Planet Earth: The Series
Don’t you objective love British accents? I identify I do! But that’s not the only reason why I completely fell in devotion with the BBC series titled, Planet Earth and Blue Planet. Yes, the relator’s voice is dreamy, but once the amazing images of our Earth are viewed in the most technically advanced angles we have ever seen, one seems to pass over David Attenborough. Not only do viewers see the unlikely biodiversity that our earth has to offer, but we also get a chance to become popular glimpses of the Earth that people have never seen in their lifetime.
One of my girl discs is that of the Blue Planet: The Deep. I’ve well-grounded that humans have only investigated 1% of the without a scratch ocean floor, and that every ten days a new species is discovered; talk about an breathtaking job!
Another great disc is titled, Planet Earth: Seasonal Forests, which examines the oldest and tallest trees known to our planet. The symbolism that Planet Earth has produced is simply astounding; it is as if you were as a matter of fact there.

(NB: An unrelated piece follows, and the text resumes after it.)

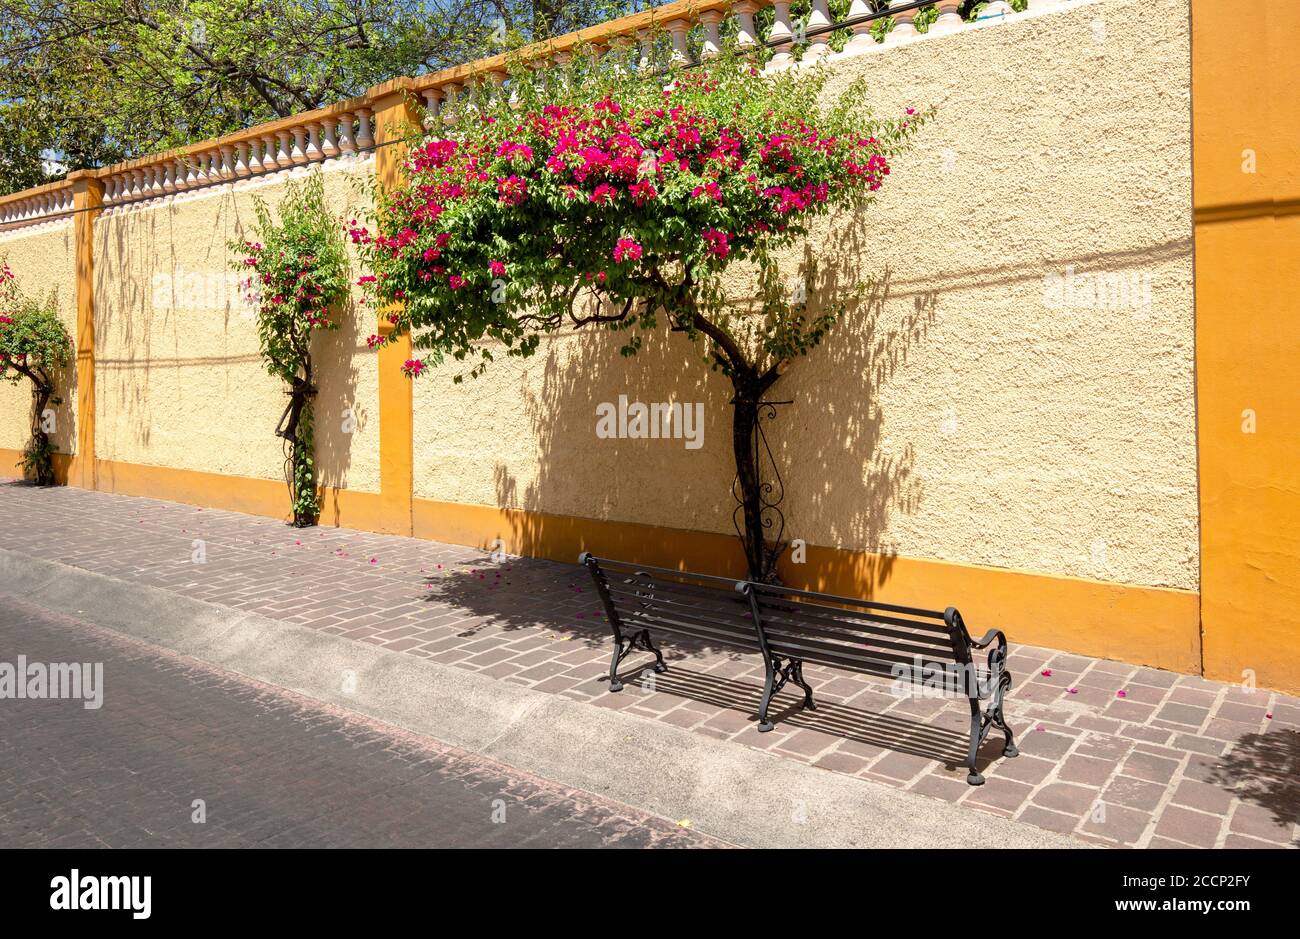 Guadalajara, Tlaquepaque scenic colorful streets during a peak tourist season Stock Photo

It almost seems impossible that the camera-men (and women) were talented to achieve such angles. Yet, not surprisingly, Planet Earth was kind-hearted enough to provide the “how to” at the end of each disc – just astonishing! In this specific disc, the camera man rose to the sky in a expressly designed hot air balloon in order to reach the sky-scraping trees of Chile and California. In Planet Earth: Caves, a few of the Planet Earth employees had to material in a cave for weeks at a time surrounded by bats and walls covered in the largest populace of cockroaches in the world! Eek!!